Однако оба ведущих французских кинематографических издания тех лет фильм проигнорировали. Правда, одно из них, «Positif», в марте 1972 года упомянуло о «Неделе советского кино»; критик Жак Демёр писал, что открыл для себя «два больших таланта»: Глеба Панфилова и Андрея Михалкова-Кончаловского. Фильмы Юрия Ильенко и Андрея Смирнова, по его словам, «неровные, но яркие и многообещающие». «Были, правда, еще три картины, – добавляет он, – так сказать, тяжелая артиллерия, но их, право, не стоило везти на фестиваль»[404]. В числе последних, как видим, и «Двенадцать стульев». Имя режиссера Демёру, по-видимому, не знакомо («как говорят, мастер сатирического кино»), и он обвиняет его в механическом перенесении литературного оригинала на экран и потчевании зрителя протухшими объедками, оставшимися со времен ФЭКС» (эта аббревиатура вошла в обиход французской критики). Фильм, считает критик, чересчур затянут («нескончаемые два часа пятьдесят минут»[405]) и похож на «неудобоваримый слоеный пирог с привкусом пассеизма»:

Несколько забавных трюков, несколько немых сцен, не столько смешных, сколько умиротворяющих, колоритная игра Сергея Филиппова, который исполняет роль предводителя дворянства Воробьянинова, оригинальность музыки не искупают изнуряющей многословности диалогов, отягощенных закадровым комментарием, обилия заезженных штампов, словно в дешевом водевиле, неудачного смешения комических стилей, а также комического и драматического жанров, избыточности, которую создают оформление некоторых декораций в примитивистском стиле и использование анимации[406].
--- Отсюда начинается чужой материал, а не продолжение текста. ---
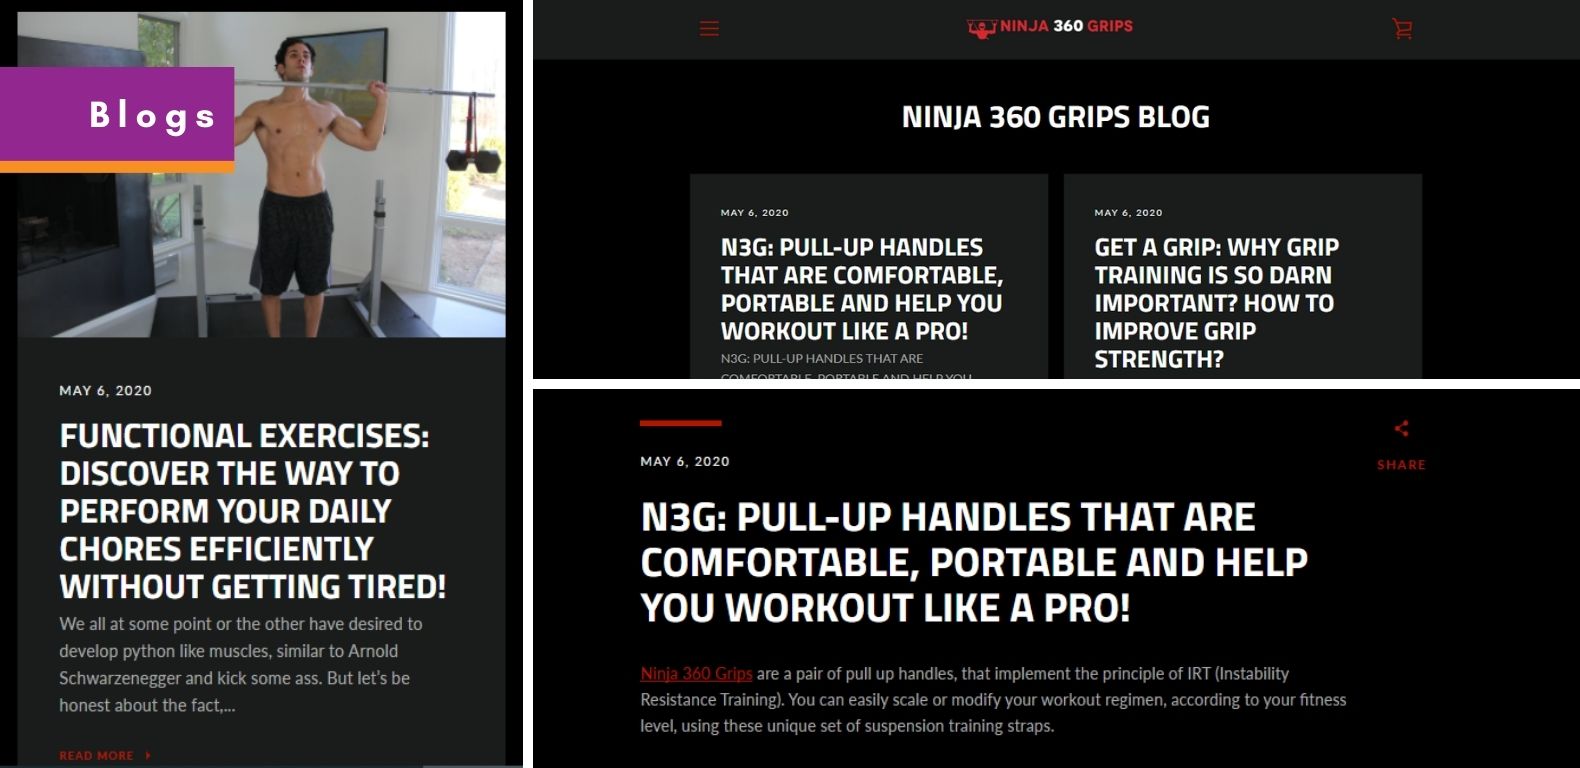 SEO-Ninja-360-Grips-Blog-Posts
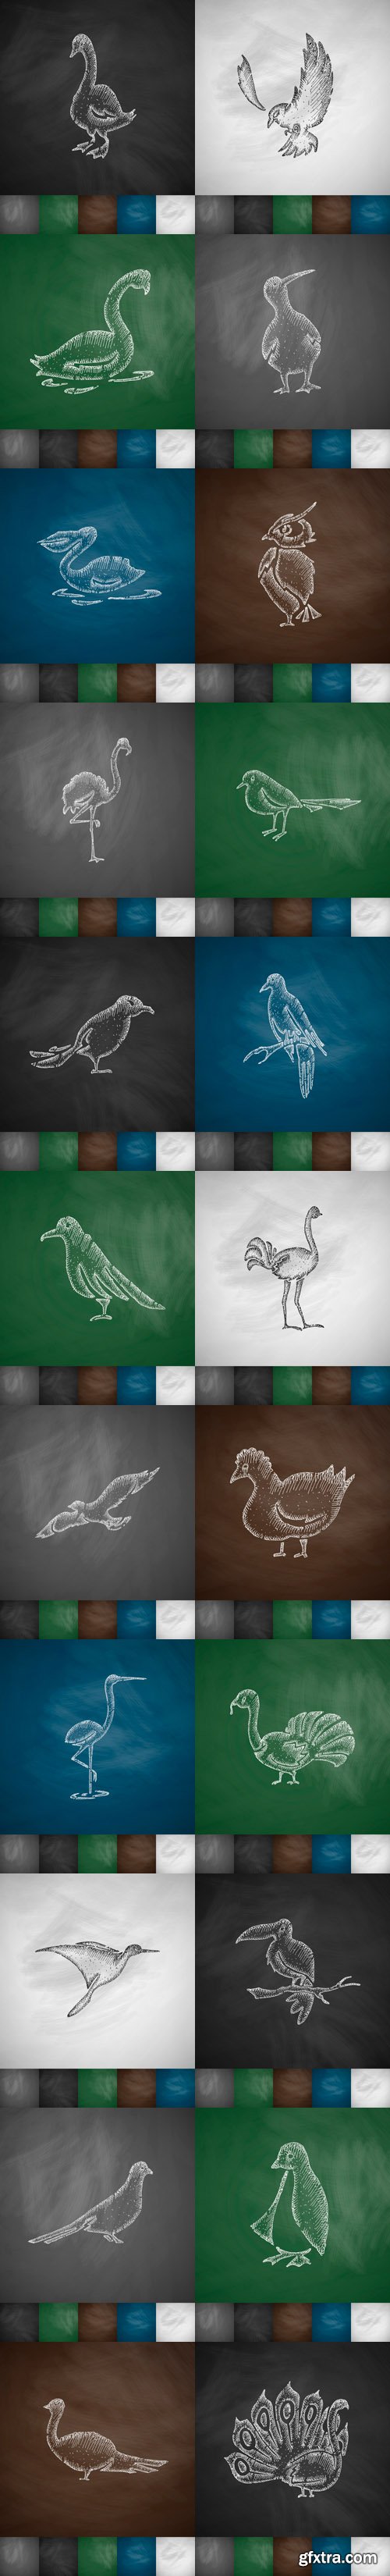 Hand drawn birds - Vectors A000029

Что касается второго журнала, «Cahiers du cinéma», он, кажется, вообще обошел молчанием и фильм Гайдая, и сам фестиваль, и это молчание тем более удивительно, что тогдашние его редакторы были буквально помешаны на советском кинематографе: в январе-феврале 1971 года выходит спецвыпуск, посвященный Эйзенштейну; из номера в номер печатаются статьи о том же Эйзенштейне, Довженко, Дзиге Вертове, Козинцеве, Трауберге и других родоначальниках советского кино[407]. Подобная же тенденция прослеживается и в «Positif»’е, пусть и в меньшем масштабе. Так, заметка Жака Демёра о «Неделе советского кино» появилась в подборке «На этой неделе умер Михаил Ромм»[408], где сообщения о проходящем фестивале чередовались с материалами о жизни и творчестве Ромма, а предыдущий раздел был посвящен Александру Медведкину.

Оба издания («Cahiers du cinéma» даже в большей степени, чем «Positif») сфокусированы на прошлом советского кино и всех сопутствующих ему явлениях: экспериментах с формой, заряженности идеологией, поисках киноязыка. После мая 1968 года многие французские киноманы объявляют себя революционерами, спорят об эстетических понятиях и о марксизме и мнят себя большими интеллектуалами. Они совершенно невосприимчивы к гайдаевскому юмору, тем более что, за редким исключением, плохо представляют себе советскую действительность.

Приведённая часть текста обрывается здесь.